Ülkemize yönelik küresel ve bölgesel gelişmelerin ağır tehditleri gündeme taşıdığı bir dönemde milli birlik ve beraberliğimiz daha da büyük önem kazanmıştır.

Türk milletinin bölünmesine, ayrışmasına, düşmanlaşmasına daha fazla yardımcı olmayın.

Aziz Atatürk’ün iç cephe dediği milli birliğimizi güçlendirici adımları hızla atın. İstiklal Harbimize ve Atatürk’e, Türk Milletinin milli değerlerine saygı gösterin.
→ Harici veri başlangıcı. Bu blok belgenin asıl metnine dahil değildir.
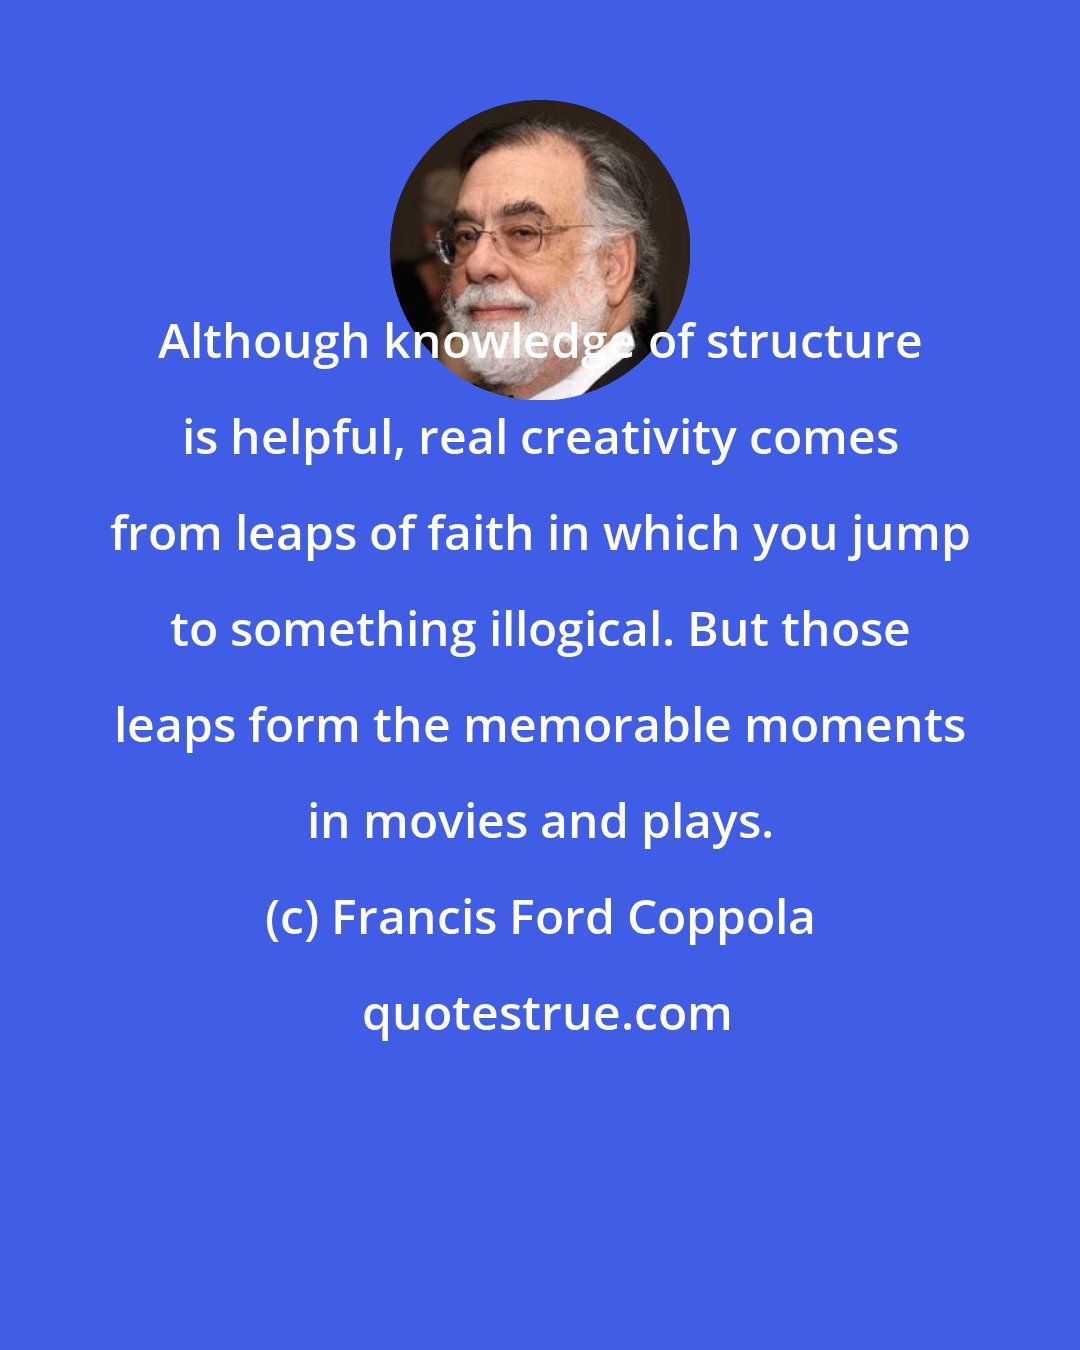 Francis Ford Coppola: Although knowledge of structure is helpful, real creativity comes from leaps of faith in which you jump to something illogical. But those leaps form the memorable moments in movies and plays.
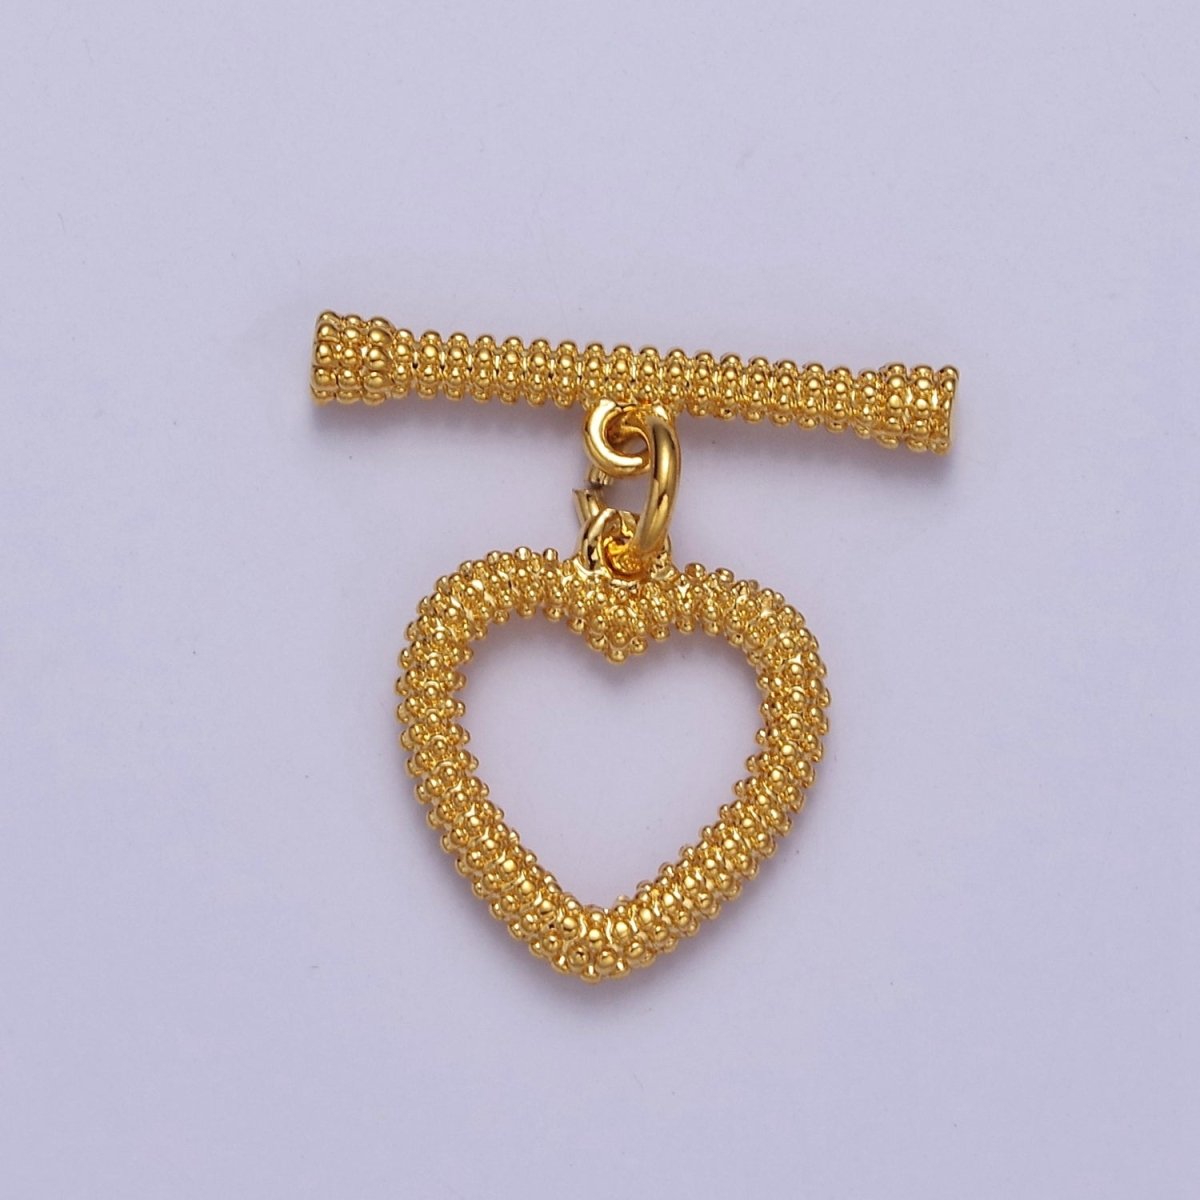 Heart Toggle Clasp Connector, 24k Gold Filled Toggle Clasp, Jewelry End Clasp for Bracelet, Necklace Closure L-644 L-682 L-683 - DLUXCA

DİB’ i Atatürk’e saldırıların koçbaşı olarak kullanmaktan vazgeçip, bir süre birlikte çalıştığınız FETÖ ile gerçek bir mücadeleye başlayın. Tarikat ve cemaatlerle mücadele edin. DİB in eksikliği bunları ortaya çıkarmıştır.

Ben Kuranı Kerimi DİB in camisinde öğrendim. Namazları eskiden camilerde kılıyordum şimdi evde yada işyerimde kılıyorum. Yalan yanlış, fitne fesat üreten vaazlar beni camilerden soğuttu.

Bilmem farkında mısınız? DİB Türkiye Ekonomisini de olumsuz etkiliyor. Milyonlarca dolar verip içi boş camiler yaptınız. Çamlıca ve Ankara Diyanet camilerine gittim bir saf bile dolmuyor. İslam gösterişi israfı sevmez. Ülkede 125 bin cami onun yarısı kadar bile olmayan Okul sayısı var. Corona salgını göstermiştir ki artık ilim ve bilim ön plandadır. İslam da Tarikat ve cemaatler yoktur. DİB in asli görevi İslamiyeti seçmiş olan bu toplumu birleştirmektir. İslamiyeti topluma bölücülük yapmadan anlatmaktır.